The company behind ChatGPT, OpenAI, has been true to its namesake. Their public API is already spawning a new era of SaaS technologies that run on top of its core functionality. Tech royalty is shouting that the age of AI is underway. This technology already has, and will continue, to rewrite the way we relate to work.
Basic economic theory tells us that tech + human capital + physical capital = productivity. With the human and physical capital sources being relatively finite, exponential movement in productivity numbers stems from the application of new technologies. At some point, productivity may even cannibalize the need for human capital.
The steam engine, the microchip, and the Internet have revolutionized the ways in which shareholders are able to expand profit margins to a degree that would make Henry Ford’s eyes roll back in his head.
Without venturing into the speculative, let’s try to establish some context around the current state of affairs. History rhymes, not repeats, so the adage goes. We will strive to keep one foot grounded in the present while looking back at what has happened in the wake of previous technology advancements.
Struggling to Keep Up: Wage Deflation, Income-Secured Debts, & the Productivity Treadmill
Despite our mounting increase in productivity, dollar for dollar we are only making peanuts more. This is a well-documented phenomenon called Engel’s Pause. This is a term popularized by Robert C. Allen to explain the period from 1790 to 1840, in which British worked-class wages plateaued despite per-capita gross domestic product increasing exponentially during a technological upheaval.

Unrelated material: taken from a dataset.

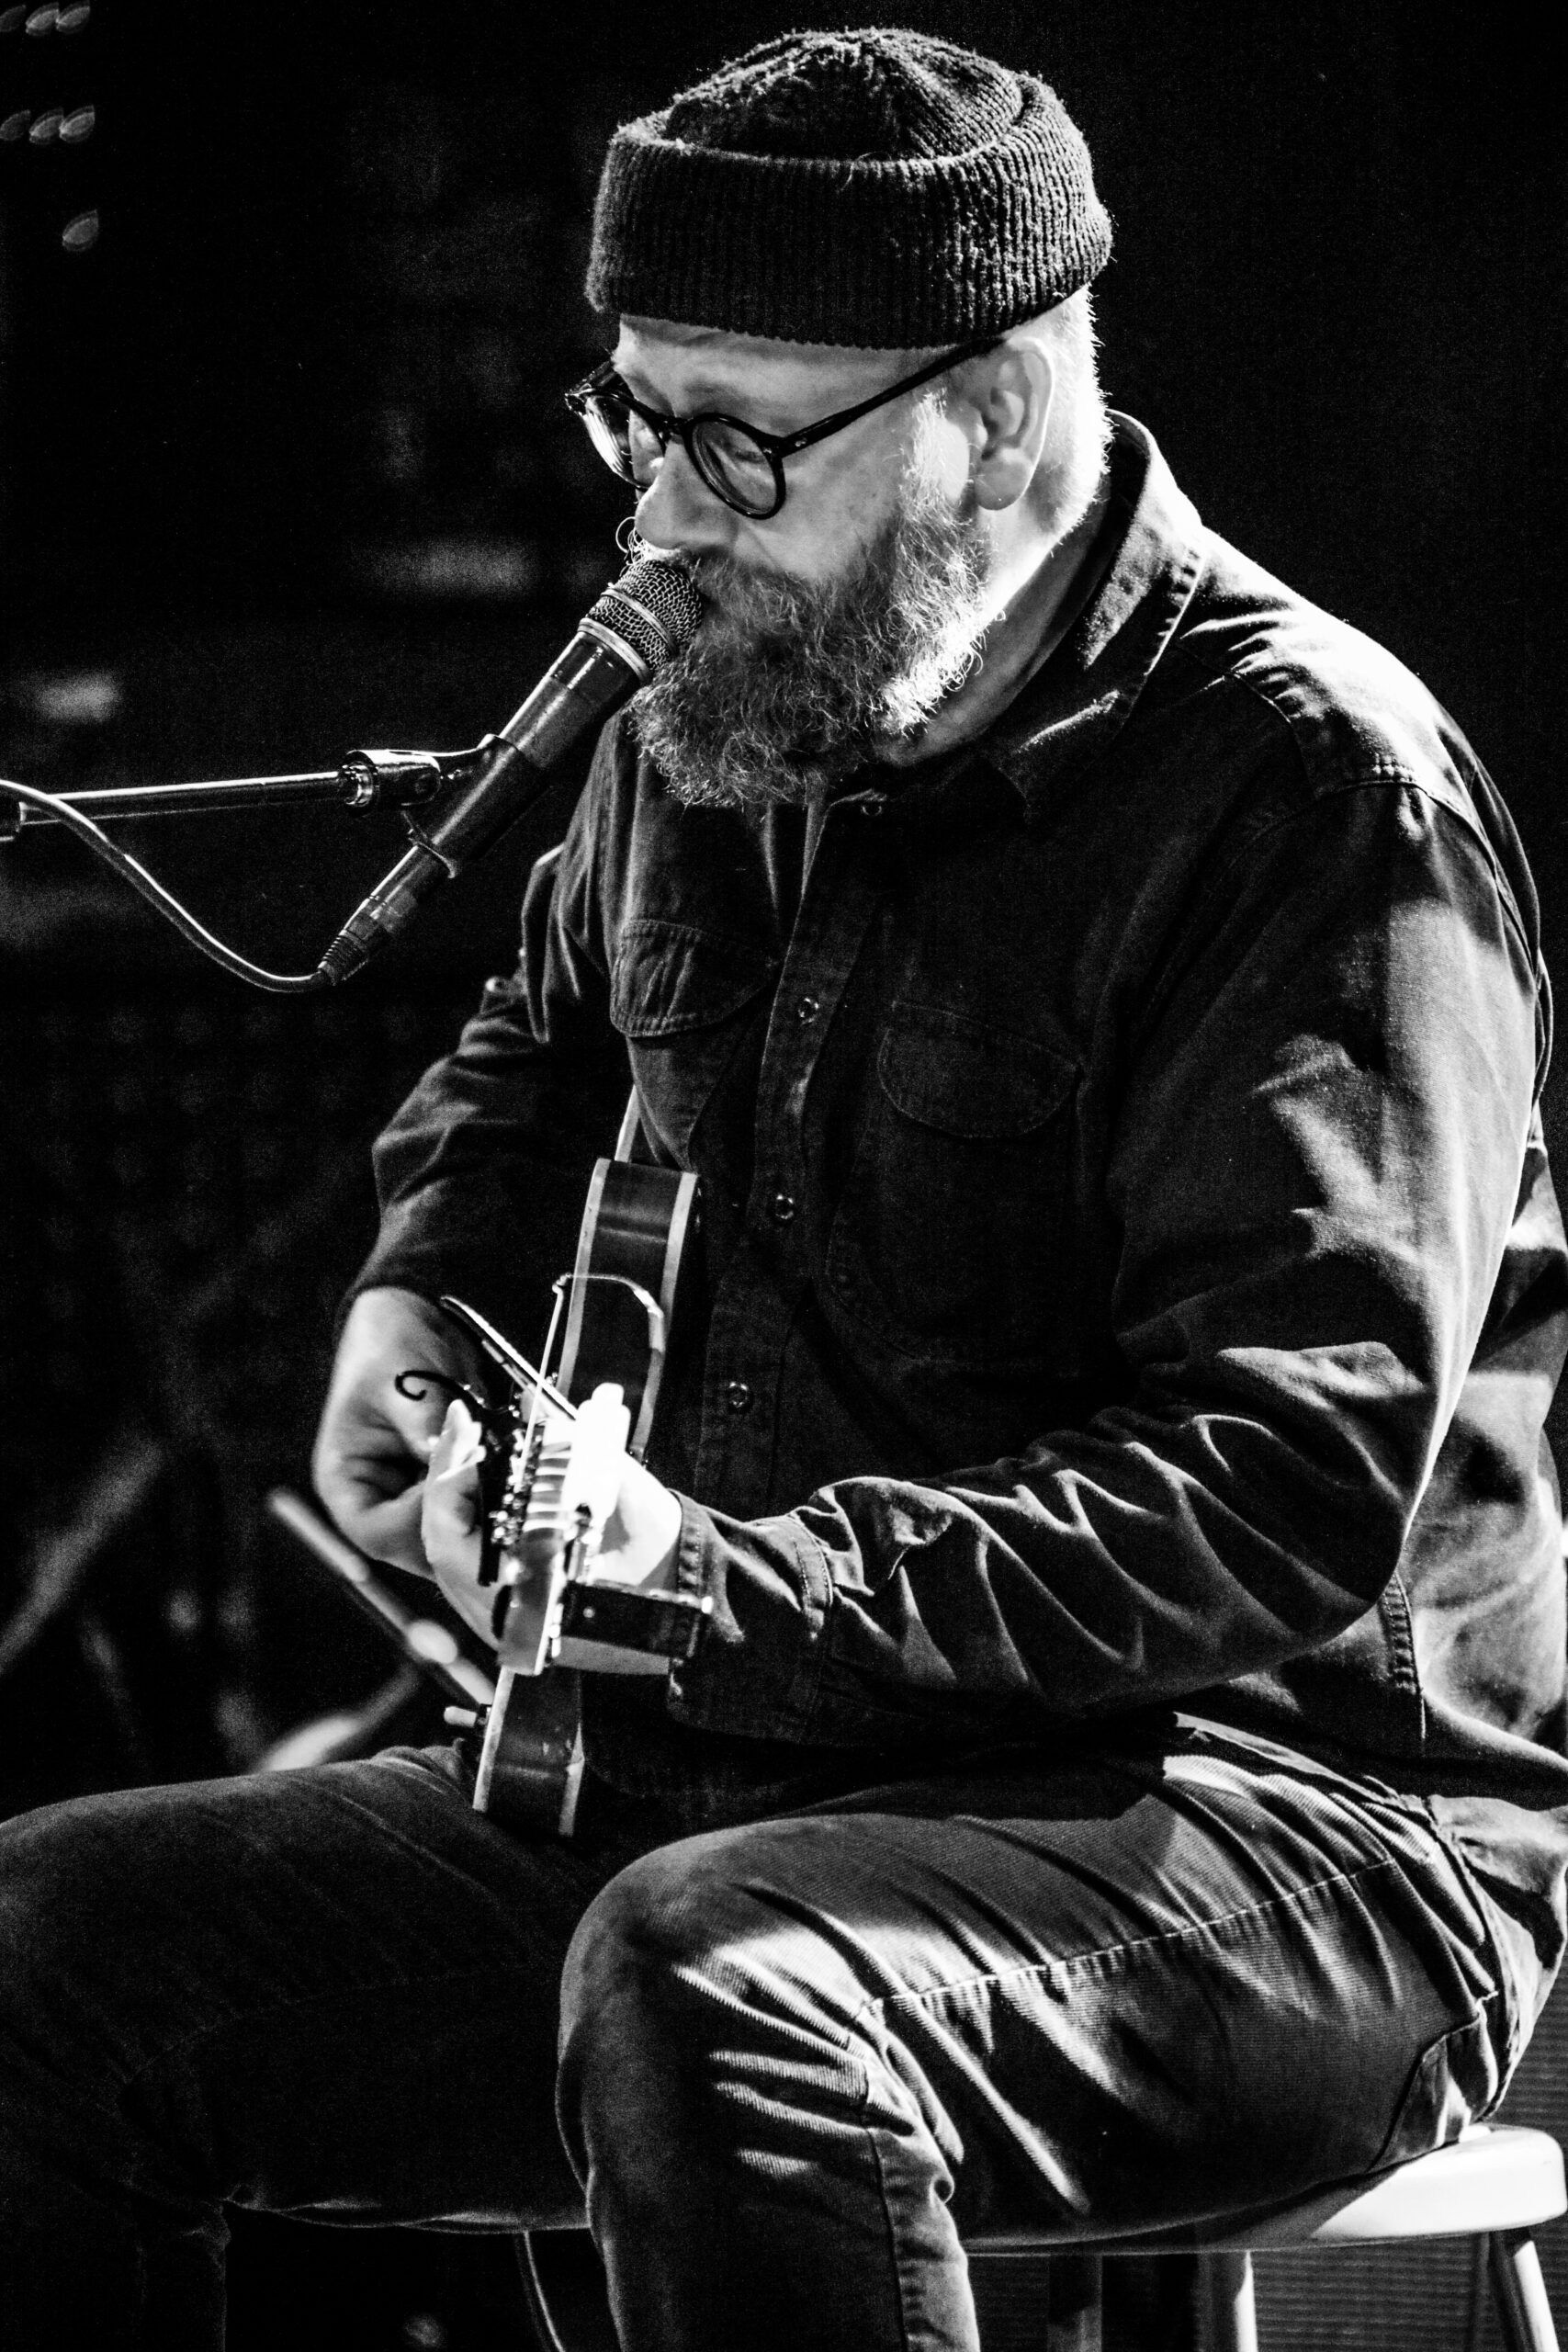 Mike Doughty in black and white

While some economists question the impact and existence of Engel’s Pause, many others draw parallels between this period and that of the twenty-first-century technological boom we have seen. In any case, it is a helpful framework for the potential disparity that an AI-explosion could cause between wages and productivity.
Let’s take a step back. Engel’s Pause is a roughly 50-year period in which wages linger and then subsequently match the productivity rate. If we look at the last potentially Engel’s Pause-inducing event, we can turn towards the Internet Bubble, which has a happy birthday of January 1983. In the 35 years following (1983-2018), productivity skyrocketed to over 94%, while median wage increase hovered at about 26.9%.
But inflation! So true, we must account for that. Between 1950 and 2018, the productivity index increased 299%. Over that same period, the median household income increased only 152%. When you factor in the 942% increase in inflation over the same period, the results for American incomes read grim.
While we can follow the trajectory of wage and productivity index growth, it only serves us to a point as Engel’s Pause has been running full steam ahead. Innovations crash into innovations as lingering effects of previous technologies stagnate in the cultural consciousness. The Age of AI may be here, but we still have some loose ends to tie up with the Information Age, cough, cough…social media.
Social commerce is projected to grow at a CAGR of 30.7% over the period of 2022-2030, which it’s official advent marked in 1997, and popularization really taking off in 2004. All the while we’re collectively still coping with the societal vestiges of past booms and a backlog of compensation to productivity increases.
To cut to the chase: unlike the past applications of Engel’s Pause, in which technology was developing at a more glacial pace and with fewer life-altering applications, we are witnessing the rate of innovation today compounding away from our grasp. There is no time for “pause”.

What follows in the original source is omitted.